* YOUR INSTRUCTIONS
Go through the entries and write each one out again unchanged.

═══ SOURCE INFORMATION

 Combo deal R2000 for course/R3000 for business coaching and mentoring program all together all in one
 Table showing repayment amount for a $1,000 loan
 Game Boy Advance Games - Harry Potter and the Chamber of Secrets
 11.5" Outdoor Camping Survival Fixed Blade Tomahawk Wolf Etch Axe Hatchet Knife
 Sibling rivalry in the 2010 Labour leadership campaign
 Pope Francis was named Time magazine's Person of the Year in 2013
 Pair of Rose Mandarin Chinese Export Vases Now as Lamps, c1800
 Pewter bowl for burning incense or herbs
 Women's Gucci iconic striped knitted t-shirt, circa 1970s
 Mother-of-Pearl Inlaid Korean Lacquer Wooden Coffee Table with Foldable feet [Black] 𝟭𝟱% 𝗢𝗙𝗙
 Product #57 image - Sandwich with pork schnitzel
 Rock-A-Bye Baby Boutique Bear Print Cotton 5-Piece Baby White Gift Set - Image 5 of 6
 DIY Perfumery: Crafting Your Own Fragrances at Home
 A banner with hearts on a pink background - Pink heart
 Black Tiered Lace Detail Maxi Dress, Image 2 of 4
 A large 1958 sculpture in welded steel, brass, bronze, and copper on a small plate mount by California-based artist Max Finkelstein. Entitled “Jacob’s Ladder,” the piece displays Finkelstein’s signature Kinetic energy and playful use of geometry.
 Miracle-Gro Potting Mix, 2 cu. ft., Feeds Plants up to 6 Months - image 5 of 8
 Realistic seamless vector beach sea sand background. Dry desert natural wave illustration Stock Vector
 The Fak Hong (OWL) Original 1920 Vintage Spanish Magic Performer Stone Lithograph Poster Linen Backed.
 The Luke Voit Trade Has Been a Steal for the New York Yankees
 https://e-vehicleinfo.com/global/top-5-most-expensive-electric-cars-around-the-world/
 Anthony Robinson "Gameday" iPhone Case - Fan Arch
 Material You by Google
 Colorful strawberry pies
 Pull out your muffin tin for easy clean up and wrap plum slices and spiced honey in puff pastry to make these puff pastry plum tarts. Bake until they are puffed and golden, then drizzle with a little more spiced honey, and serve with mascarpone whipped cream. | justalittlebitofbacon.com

══════

* RESPONSE AREA
 Combo deal R2000 for course/R3000 for business coaching and mentoring program all together all in one
 Table showing repayment amount for a $1,000 loan
 Game Boy Advance Games - Harry Potter and the Chamber of Secrets
 11.5" Outdoor Camping Survival Fixed Blade Tomahawk Wolf Etch Axe Hatchet Knife
 Sibling rivalry in the 2010 Labour leadership campaign
 Pope Francis was named Time magazine's Person of the Year in 2013
 Pair of Rose Mandarin Chinese Export Vases Now as Lamps, c1800
 Pewter bowl for burning incense or herbs
 Women's Gucci iconic striped knitted t-shirt, circa 1970s
 Mother-of-Pearl Inlaid Korean Lacquer Wooden Coffee Table with Foldable feet [Black] 𝟭𝟱% 𝗢𝗙𝗙
 Product #57 image - Sandwich with pork schnitzel
 Rock-A-Bye Baby Boutique Bear Print Cotton 5-Piece Baby White Gift Set - Image 5 of 6
 DIY Perfumery: Crafting Your Own Fragrances at Home
 A banner with hearts on a pink background - Pink heart
 Black Tiered Lace Detail Maxi Dress, Image 2 of 4
 A large 1958 sculpture in welded steel, brass, bronze, and copper on a small plate mount by California-based artist Max Finkelstein. Entitled “Jacob’s Ladder,” the piece displays Finkelstein’s signature Kinetic energy and playful use of geometry.
 Miracle-Gro Potting Mix, 2 cu. ft., Feeds Plants up to 6 Months - image 5 of 8
 Realistic seamless vector beach sea sand background. Dry desert natural wave illustration Stock Vector
 The Fak Hong (OWL) Original 1920 Vintage Spanish Magic Performer Stone Lithograph Poster Linen Backed.
 The Luke Voit Trade Has Been a Steal for the New York Yankees
 https://e-vehicleinfo.com/global/top-5-most-expensive-electric-cars-around-the-world/
 Anthony Robinson "Gameday" iPhone Case - Fan Arch
 Material You by Google
 Colorful strawberry pies
 Pull out your muffin tin for easy clean up and wrap plum slices and spiced honey in puff pastry to make these puff pastry plum tarts. Bake until they are puffed and golden, then drizzle with a little more spiced honey, and serve with mascarpone whipped cream. | justalittlebitofbacon.com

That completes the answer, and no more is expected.